Forum Moderators: goodroi

Message Too Old, No Replies

Exclude all robots on alias domains?

Good idea or not?

         

jtara

5:52 pm on Sep 15, 2006 (gmt 0)

WebmasterWorld Senior Member 10+ Year Member



Yes, this is related to our favorite subject of all time: 301 redirects, and "alias" domains! :)

I've found a great redirect solution on another site. It solves the (perhaps non-) problem of pre HTTP-1.1 browsers.

The idea is to use TWO IP addresses.

One IP address is used for the primary site. Pick one: www.example.tld or example.tld.

The other IP address is used for all of the aliases. (www or non, depending on how you go for primary, plus www.example2.tld, example2.tld, www.example3.tld, etc.)

The "other" IP address has a server that redirects to the primary. Typically, of course, this is done using a single server, using both virtual-by-IP and virtual-by-name.

If you use a single IP address, there's a problem with pre-HTTP1.1 user agents. They don't send the server the domain name, so they will never get a redirect, and so (if a browser) won't have their URL bar updated. The user agent is left browsing a duplicate site, rather than being redirected to the primary.

Perhaps this is a non-problem - how many pre HTTP1.1 user agents are there in use? They would all break on millions of virtual-by-name servers...

Anyway, one variant I have seen on this is a recommendation to have a robots.txt on the 2nd IP address that excludes all robots. This is the only file on the 2nd IP.

Yet another variant - if one prefers not to use 2 IP addresses - is to use a mod_rewrite directive to serve-up different robots.txt files (i.e. robots.txt, robots_secondary.txt) depending on the domain name. robots_secondary.txt would exclude all robots. Oh, yes, one more little detail - of course, you don't do a redirect to the primary on robots.txt on the secondary. That is, on the secondary:

robots.txt -> robots_secondary.txt
all other -> primary domain

Of course, the one-IP solution doesn't deal with pre-1.1 user agents. But the issue here is the handling of robots.txt.

(Note that if you are using "DNS redirect" you are already using a 2-address solution. In fact, the DNS provider is simply running a web server that does the redirects. In this case, you can serve-up a different robots.txt for the secondaries if your "DNS redirect" includes the capability of redirecting a specific URL.)

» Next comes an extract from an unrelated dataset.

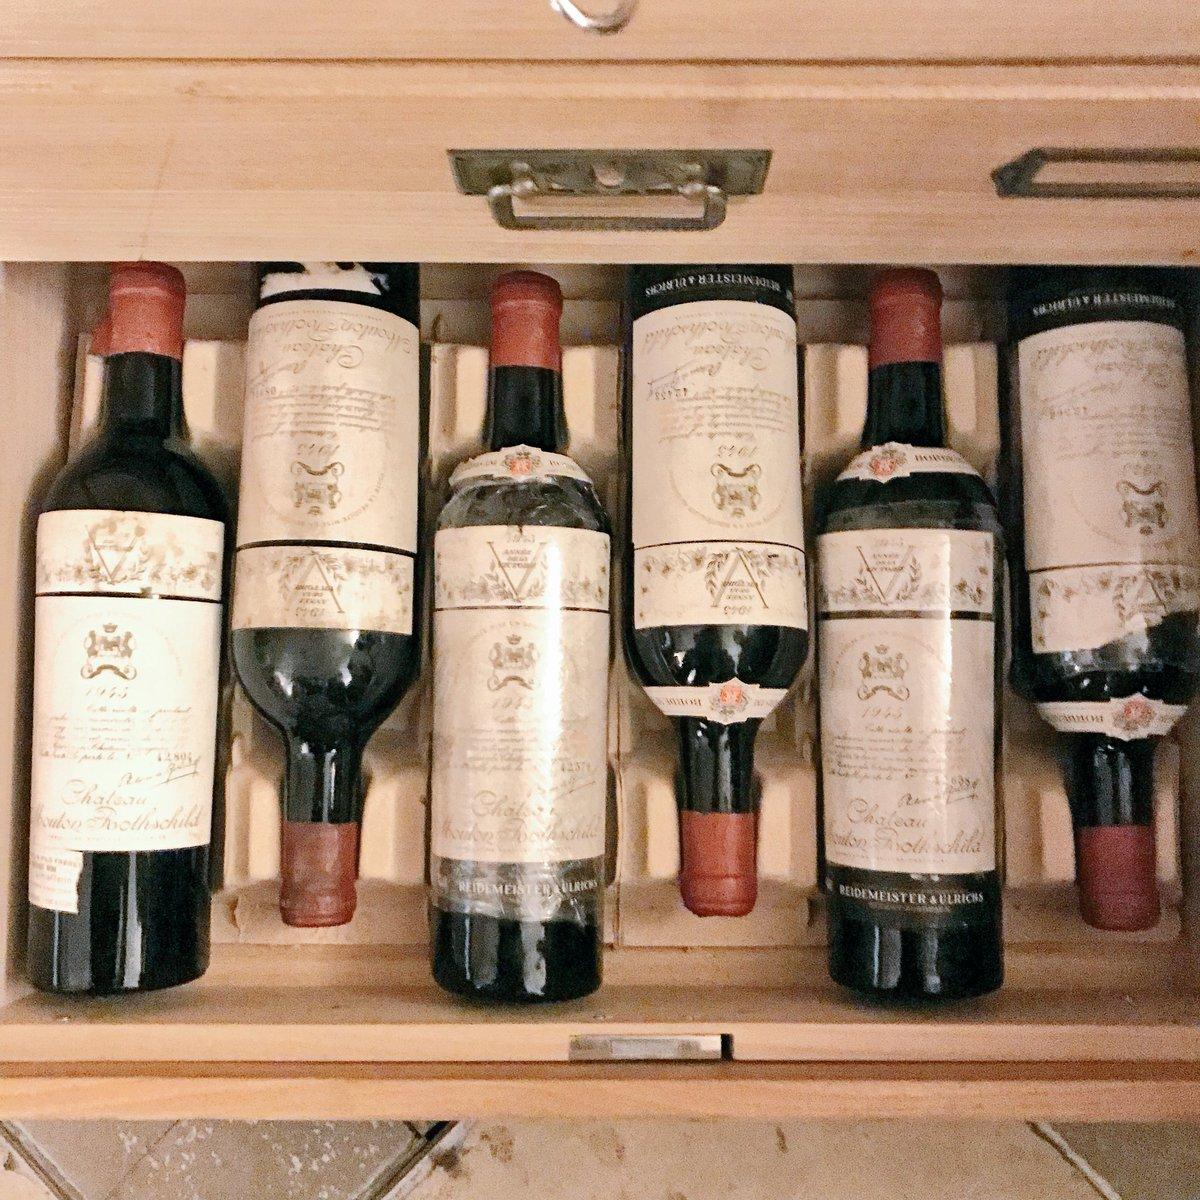 Palais Colberg Vienna 60000 Bottles Approx Worth EUR25m 6L Btl DRC EUR125k 82 Cheval Blanc OMG 45 Victory Ch Mouton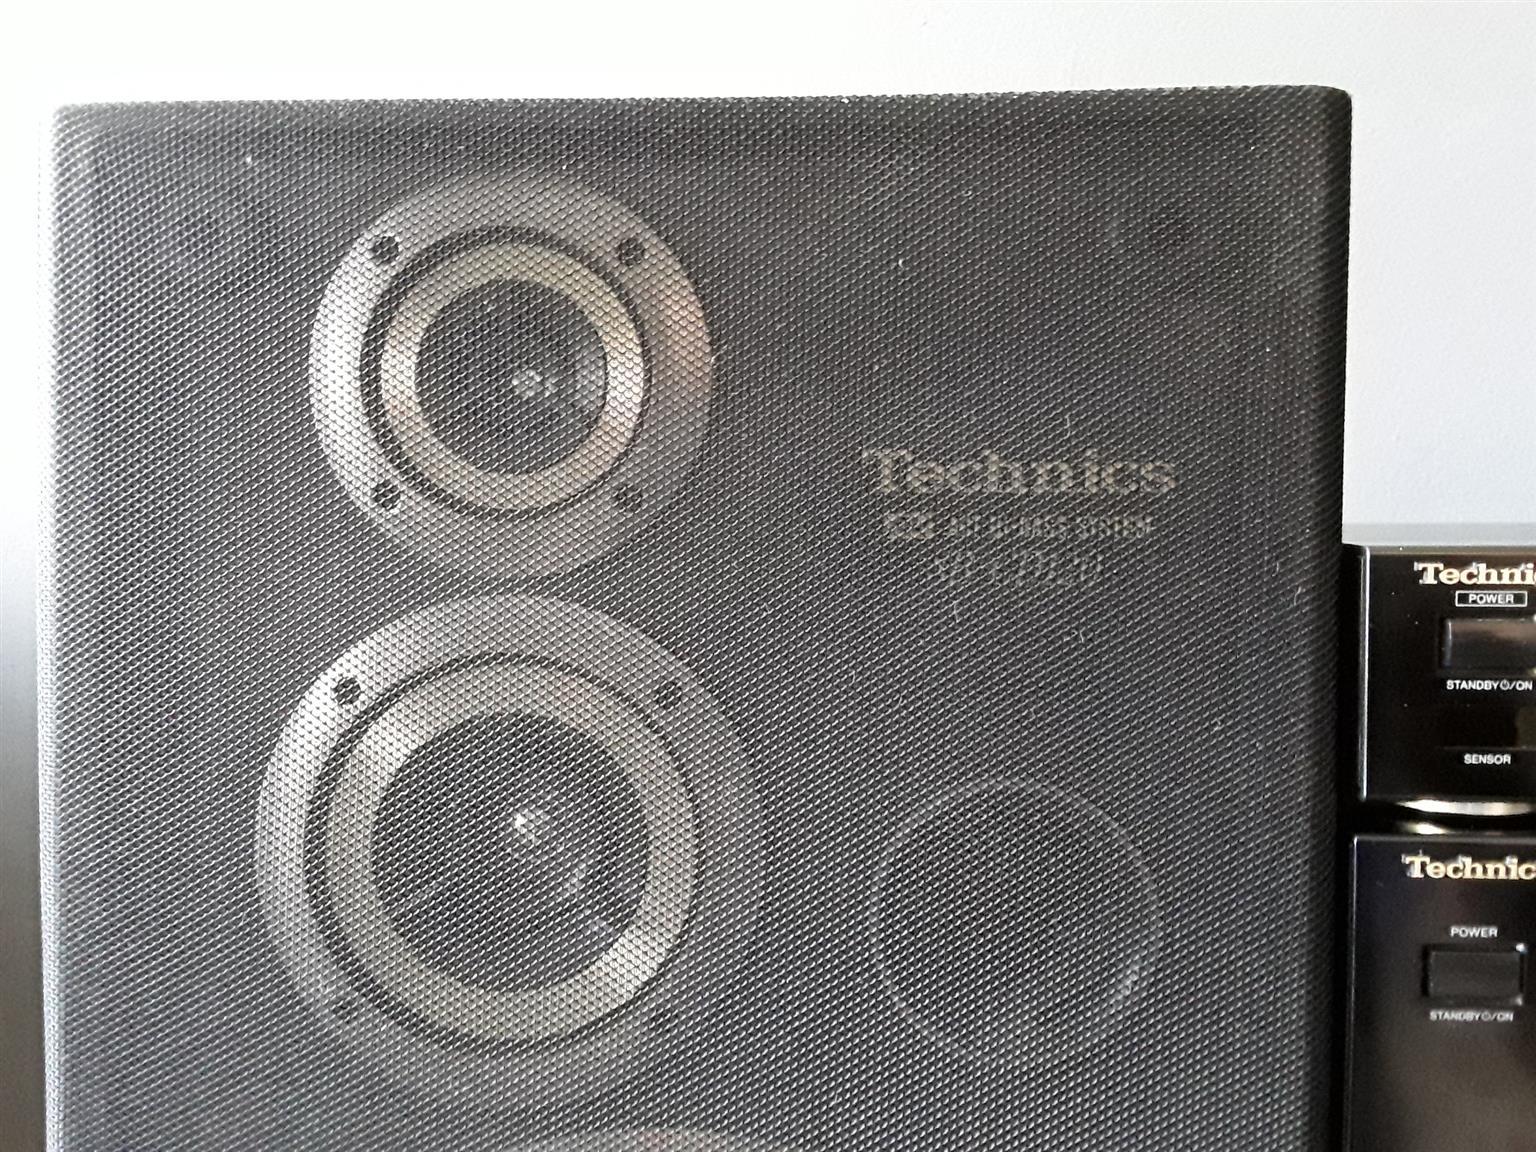 Technics Component System

This is seen by advocates as "search engine friendly", since you insure that they won't waste their time indexing a duplicate site.

Is this a good idea or not? At first glance, it is "robot friendly". On the other hand, other sites may link to a secondary domain name, or even an invalid one. (Let's say you are using wild-card DNS, to catch errors like ww.example.tld, wwww.example.tld, etc.) If you have a robots.txt that excludes all robots, will they then ignore links-in to secondary domain names?

I'd think they shouldn't, since enumerating links in!= crawling.

It begs the question, just what DOES "excluding" in robots.txt mean? Are you simply excluding them from crawling? Or visiting at all, even if they followed a link in?

Ideally, you'd like to prevent them from crawling the secondaries, and wasting your bandwidth. (Which they SHOULD be able to figure out on their own, anyway - but perhaps not right away?) At the same time, you want them to follow links in, get the redirect, and give credit to the primary domain.